Chasing Ice (2012)

Tagline: “Art meets science.” Yet somehow neither. 

Premise: Documentary chronicling photographer James Balog's mission to photograph glaciers defrosting at an alarming rate and humanity predictably being the cause of its own demise. 

Delivery: Chasing Ice comes with a 7.8 out of 10 on IMDb score, for those of you who get all aroused by that kind of thing. That's not all there is to get aroused about here either, the film has more images of furious white liquid being splashed around than Ron Jeremy's wank bank. I'm being a bit silly here, but the film is so incredibly serious and knowingly important that I couldn't help but be a bit bored by it.

Yes, Chasing Ice looks beautiful, it should do given that it's about photography. It is also a terrifying insight into how we're destroying this delicate planet. But then on one hand it is powerful and a call to arms, and on the other, it's six years old. Even six years ago I wouldn't have been that surprised by it. The evidence it presents is shocking, as its science is thorough and earnest; but Chasing Ice feels like it is trying to convince people who don't believe in climate change.

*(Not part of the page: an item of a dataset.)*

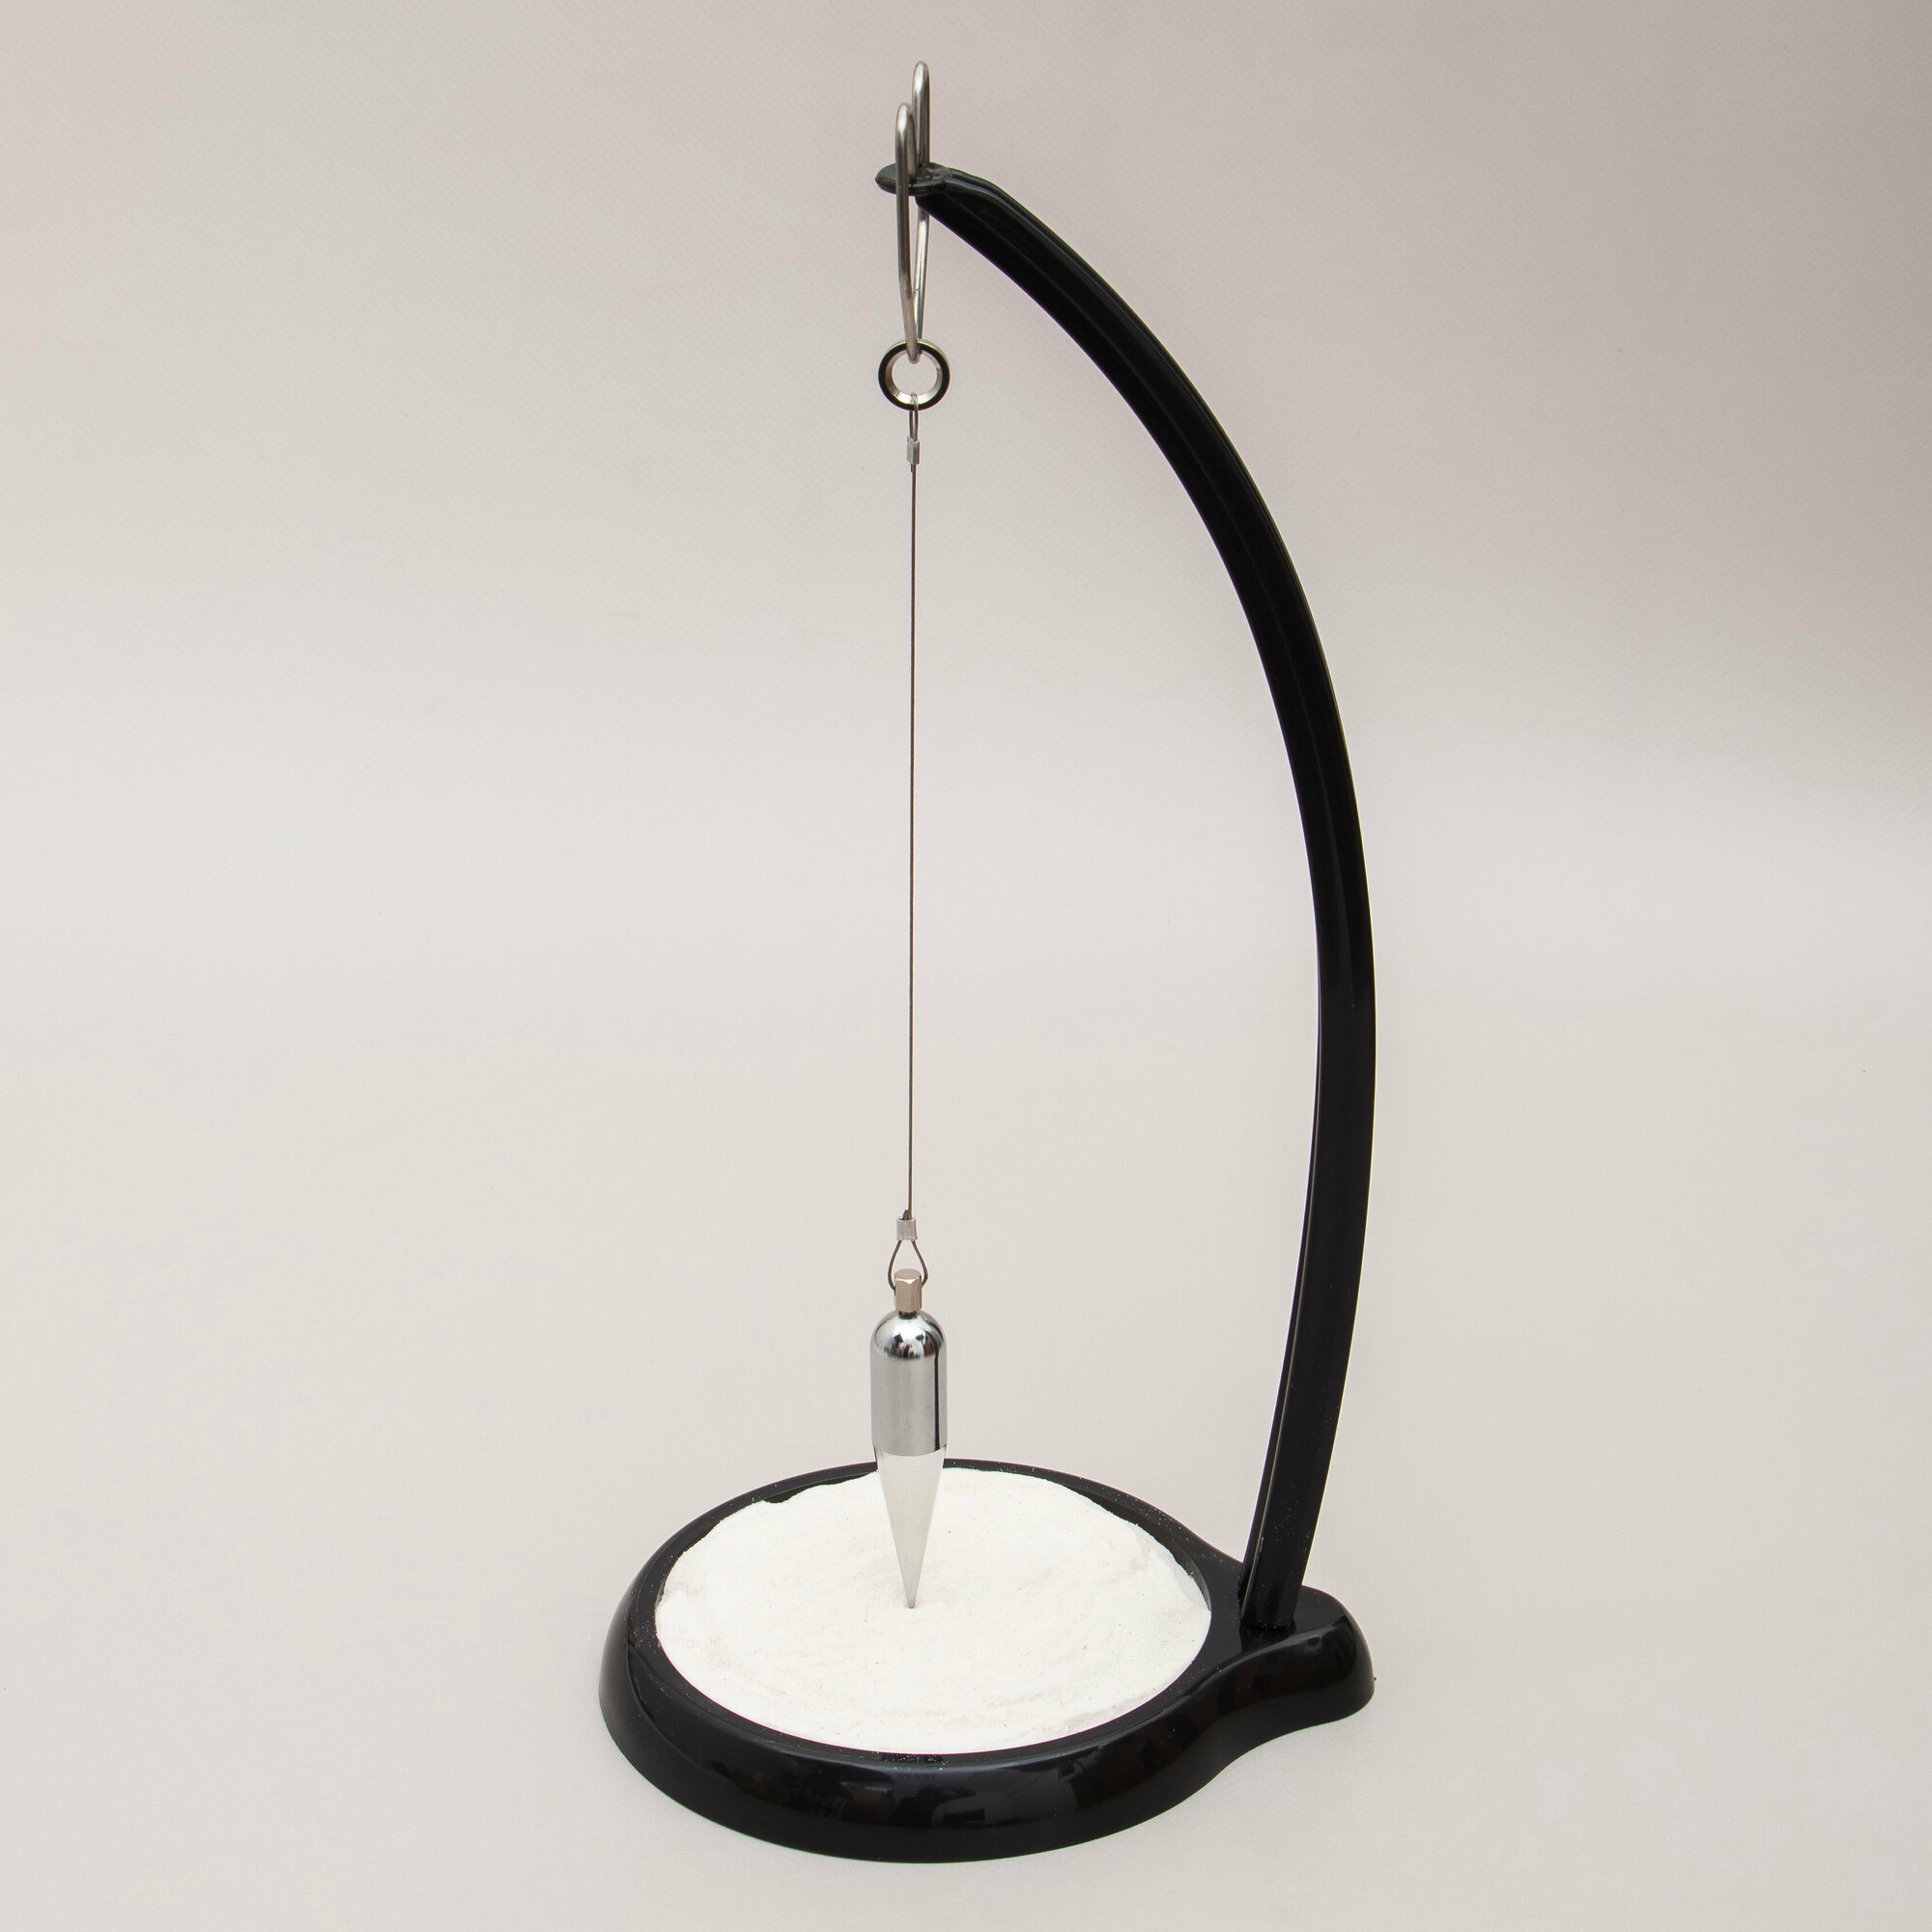 Настольный песочный маятник Фуко Кристалл антистресс Эврика, математический, сувенир, подарок на 23 февраля

Here's my issue as a reviewer: people who don't believe in climate change are fuckwits. Chasing Ice is aimed at convincing people climate change is real; therefore if I feign dismay and horror and talk about how much I learned from it, I'm essentially taking time out of my own day to write about, and then admit on the internet that I'm a fuckwit. Well, I'm not falling for that one again.

I'm glad I saw Chasing Ice, but it didn't cut it for me. Overall neither incredibly educating or really that entertaining. There's no dramatic arc, which even a documentary needs. It feels more like a rigorous, academic essay. Here's what we're going to tell you, here's us telling you it, here's what we just told you. The makers tried to jazz it up visually and with a human interest subplot about Balog's knee being fucked* but that felt like a desperate afterthought,

“Terry, this film, it's sixty five minutes of people talking about ice.”

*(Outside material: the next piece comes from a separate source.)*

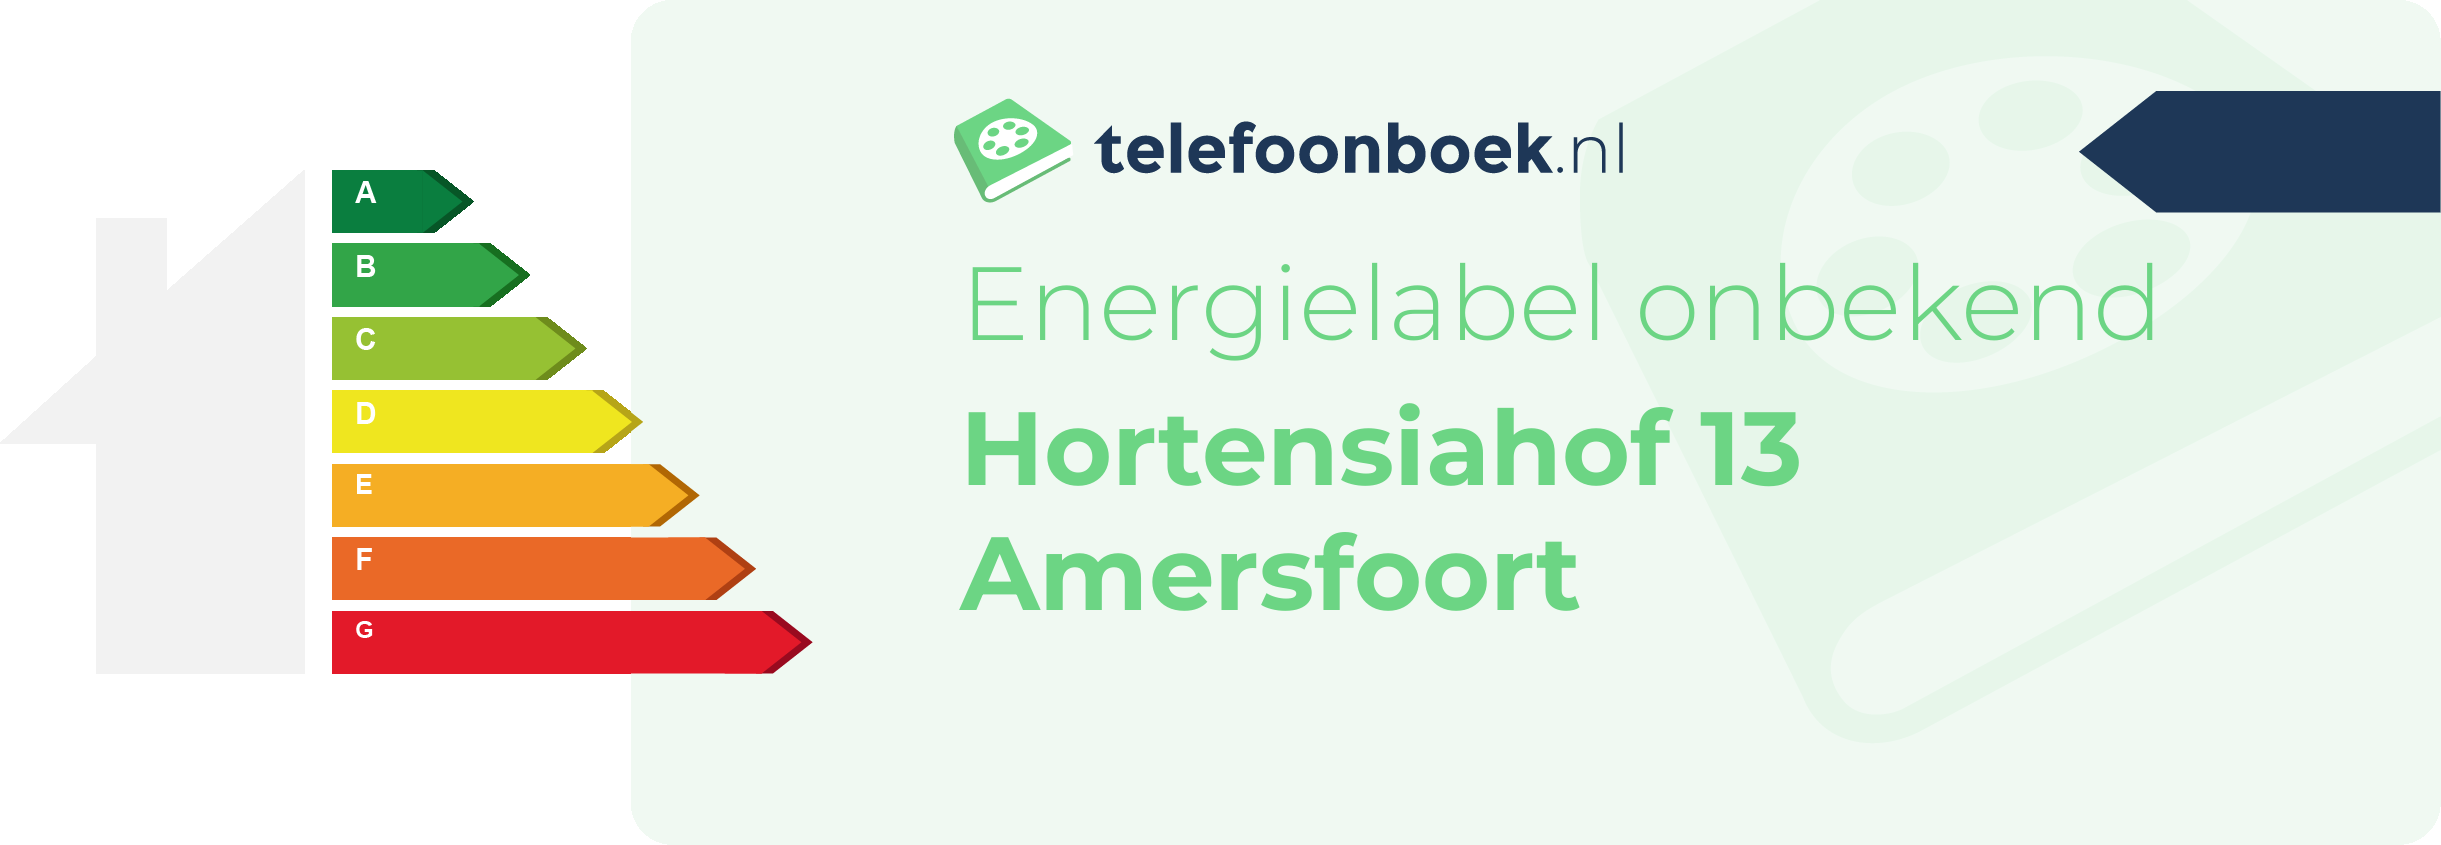 Energielabel Hortensiahof 13 Amersfoort

“Throw in ten minutes about the nutter doing the ice glamour shoot. Human element. Bosh, job done.”

Bedsit it? Chasing Ice looks pretty, but you know what they're going to tell you and because they spend so long detailing the cameras set up on the ice to capture all of this, you know what the climax will be. A big, glistening white, slow motion money shot. 5/10

*Away from the main plot, which is merely about how all human life dies because we like cars too much, told via the medium of ice.